Inexperience and inadequate training
Driving is a highly complex, life-and-death task. Learning to OPERATE a car is easy. Learning to process complex information (traffic, signage, road features, etc.) is difficult and takes a lot of practice. This complex task is mostly taught by parents, most of who are neither professional driving instructors or professional educators. As a result, many teens are not adequately trained to drive.
Teenager passengers in the car
The effects of having passengers in the car on safe driving is quite different for adult versus teen drivers. Unlike adult drivers, teenagers’ risks of dying in a motor vehicle are dramatically increased by the presence of teenage passengers.

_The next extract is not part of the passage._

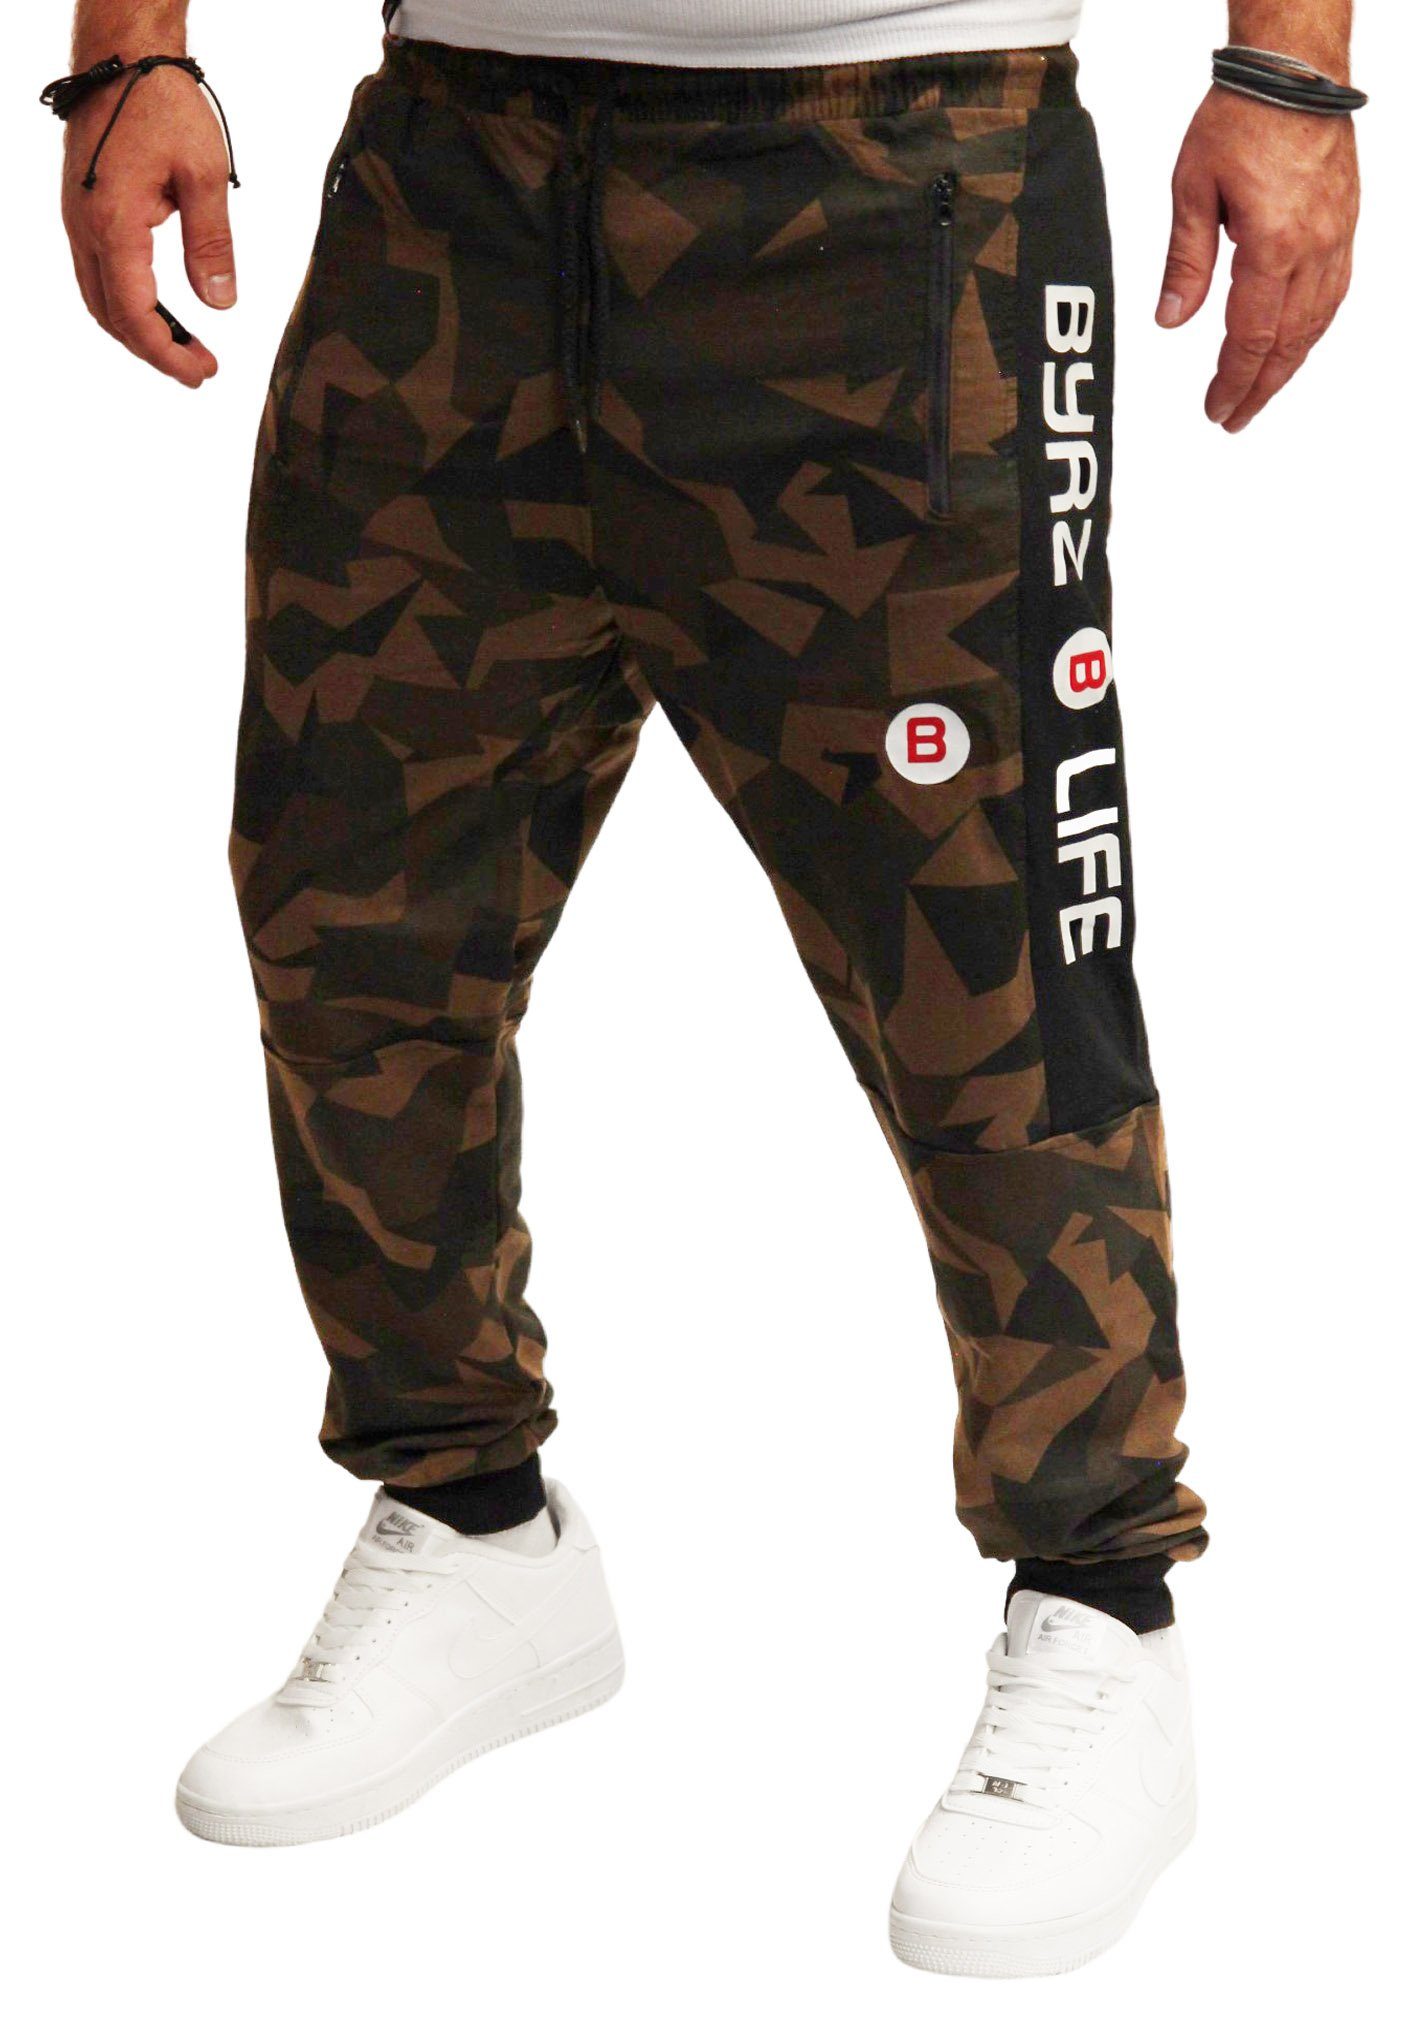 RMK Jogginghose Camouflage Army Camouflage Hose Herren Sport Trainingshose Fitnesshose (H.12) Tarn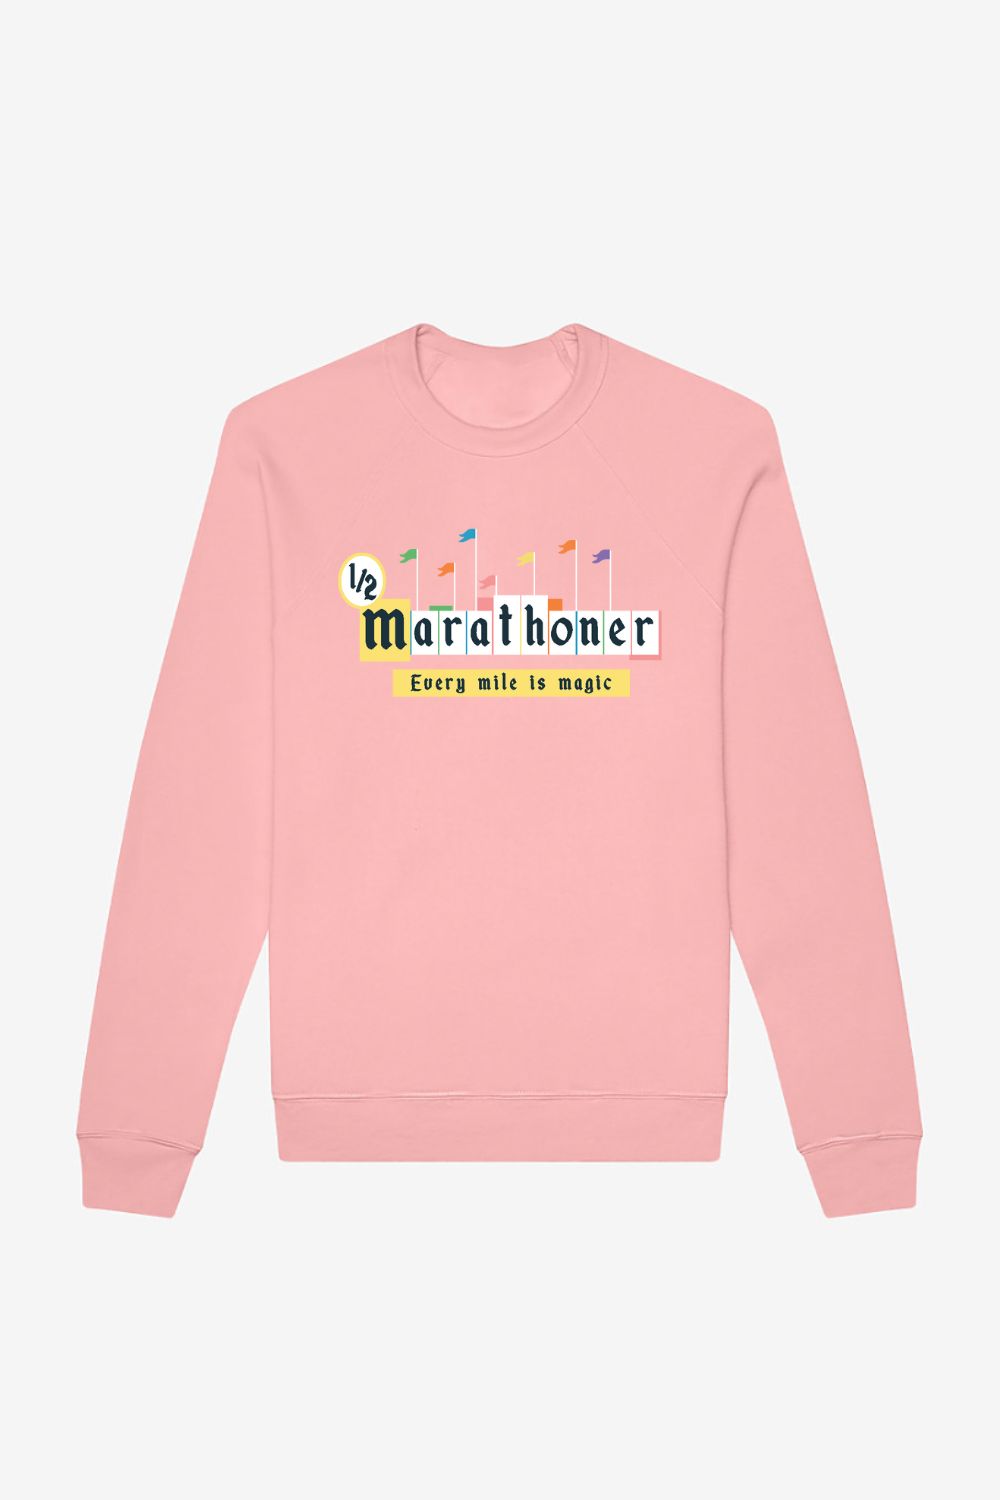 Disney Half Marathon Sweatshirt

Teens are less likely to wear seat belts, particularly as passengers in back seats.
Of course, drinking and driving is dangerous and reckless behavior at any age. However, alcohol impairs the driving of teenagers even more than it does the driving of adults.
Most teenagers do not get enough sleep. They are sleep-deprived as a group. Sleep-deprivation greatly impairs the ability to drive safely. Teens and college students are the age group most likely to fall asleep at the wheel. However, when a driver is sleep-deprived, even if he or she never falls asleep at the wheel, the cognitive, sensory, and perceptual effects of sleep-deprivation interfere with the ability to drive safely.
This is perhaps the most talked-about risk factor for teen drivers. Truthfully, distracted driving is a major issue for ALL drivers. The use of various devices while driving: cell phones, GPS systems, car audio systems, all have a major influence on the likelihood of car crashes.